I assume you want to add the task's util_avg_uclamp to
rq->root_cfs_util_uclamp in (2) too? So:
if (flags & ENQUEUE_MIGRATED || task_new)
[...]
/* avg must belong to the queue this se is on. */
-void update_util_uclamp(struct sched_avg *avg, struct task_struct *p)
+void update_util_uclamp(u64 now,
+ u64 last_update_time,
+ u32 period_contrib,
+ struct sched_avg *avg,
+ struct task_struct *p)
{
I was wondering why you use such a long parameter list for this
function.
IMHO
update_util_uclamp(u64 now, struct cfs_rq *cfs_rq, struct
sched_entity *se)
would work as well. You could check whether se represents a task inside
update_util_uclamp() as well as get last_update_time and period_contrib.
The only reason I see is that you want to use this function for the RT
class as well later, where you have to deal with 'struct rt_rq' and
'struct sched_rt_entity'.
IMHO, it's always better to keep the implementation to the minimum and
only introduce changes which are related to the functionality you
present. This would make reviewing so much easier.
Those parameters are necessary because of
if (___update_load_sum()) {
___update_load_avg();
update_util_uclamp();
}
So you need ___update_load_avg() happening for the `normal uclamp path`
and `last_uptade_time` and `period_contrib` for the `decay path` (1) of
update_util_uclamp()?
This is pretty hard to grasp. Isn't there a cleaner solution for this?
Why do you need the:
if (!avg)
return;
thing in update_util_uclamp()? __update_load_avg_blocked_se() calls
update_util_uclamp(..., avg = NULL, ...) but this should follow (1)?
There's only one rule here, which is the root value must be the sum of all task util_avg_uclamp values. If PELT slowly decays each util_avg, then the sum will also decay in a similar fashion. The code here is just doing that.We have to cache last_update_time and period_contrib, because after
___update_load_sum() is done, both parameters in sched_avg have already
been updated and overwritten and we lose the timestamp when the
sched_avg was previously updated. update_util_uclamp() needs to know
when sched_avg was previously updated.
unsigned int util, uclamp_min, uclamp_max;
int delta;
- if (!p->se.on_rq)
+ if (!p->se.on_rq) {
+ ___update_util_uclamp_towards(now,
+ last_update_time,
+ period_contrib,
+ &p->se.avg.util_avg_uclamp,
+ 0);
return;
+ }
You decay 'p->se.avg.util_avg_uclamp' which is not really related to
root_cfs_util_uclamp (patch header). IMHO, this would belong to 2/7.

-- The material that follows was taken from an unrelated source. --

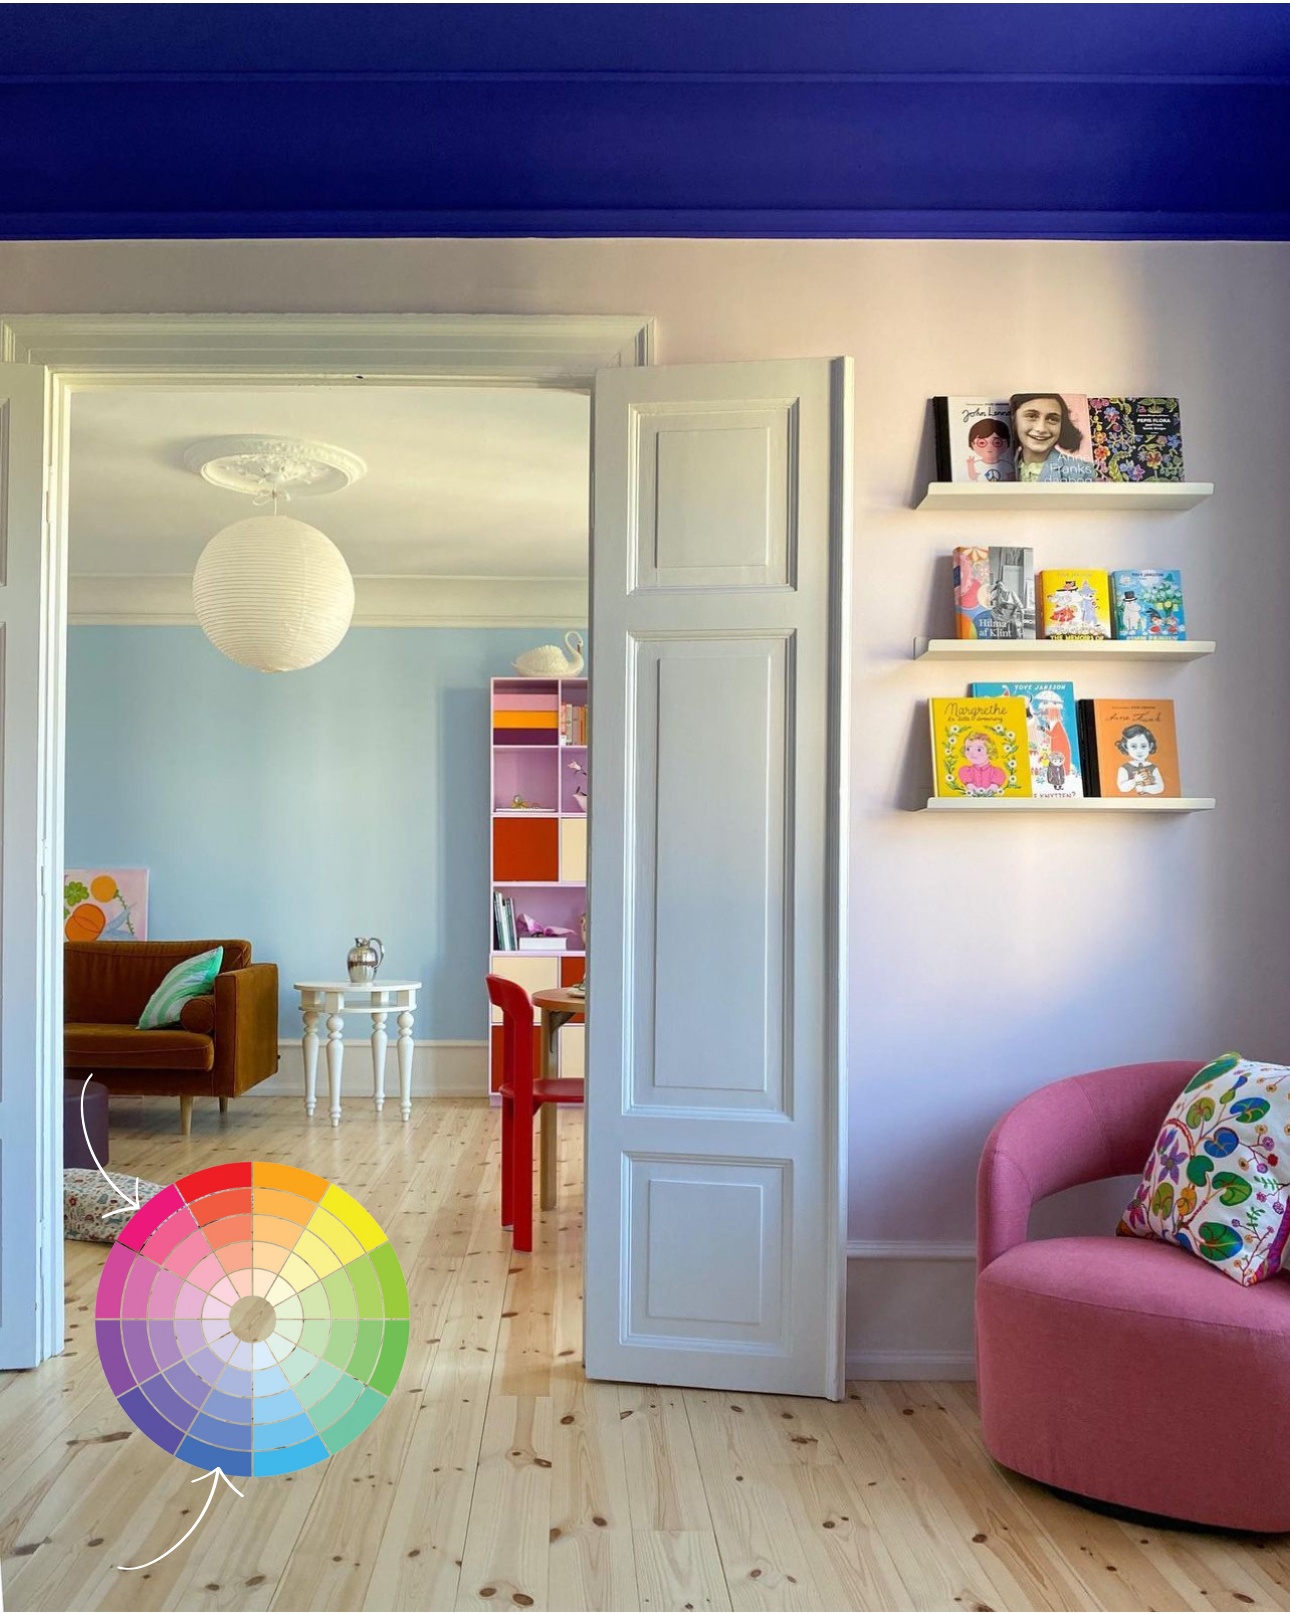 Danish livingroom in vibrant colors.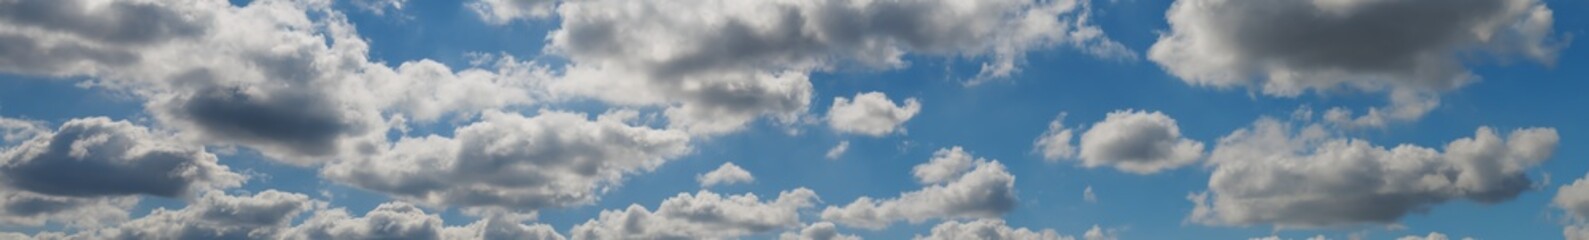 white and gray clouds in the blue sky, layered rain clouds, stratocumulus, cumulonimbus,...

I would say this still belongs to 3/7, because 2/7 only implements
utilization for on_rq tasks. This patch implements utilization for both
on_rq and !on_rq. For rq, we have rq->cfs.avg.util_avg_uclamp (for
on_rq) and rq->root_cfs_util_uclamp (for on_rq plus !on_rq).
Looks like you maintain `rq->cfs.avg.util_avg_uclamp` (2) (consider all
runnable tasks) to be able to:
(a) set rq->root_cfs_util_uclamp (3) to max((3), (2))
(b) check that if 'rq->cfs.h_nr_running == 0' that (2) = 0 too.
uclamp is based on runnable tasks (so enqueue/dequeue) but you uclamp
around util_avg which has contributions from blocked tasks. And that's
why you have to maintain (3). And (3) only decays within
__update_load_avg_cfs_rq().
Can this be the reason why th implementation is so convoluted? It's
definitely more complicated than util_est with its easy layout:
enqueue_task_fair()
util_est_enqueue()
dequeue_task_fair()
util_est_dequeue()
util_est_update()
For tasks, we also have two utilization numbers, one is on_rq and the
other is on_rq plus !on_rq. However, we know they do not have to be
stored in separate variables and util_avg_uclamp can capture both.
Here you lost me. Which value does 'p->se.avg.util_avg_uclamp' store?
'runnable' or 'runnable + blocking'? I would say it's the latter one but
like in PELT we don't update the task signal when it's sleeping.
Moving this to 2/7 might be fine, although then this would be the only
!on_rq utilization in 2/7. I can add comments to clarify the situation.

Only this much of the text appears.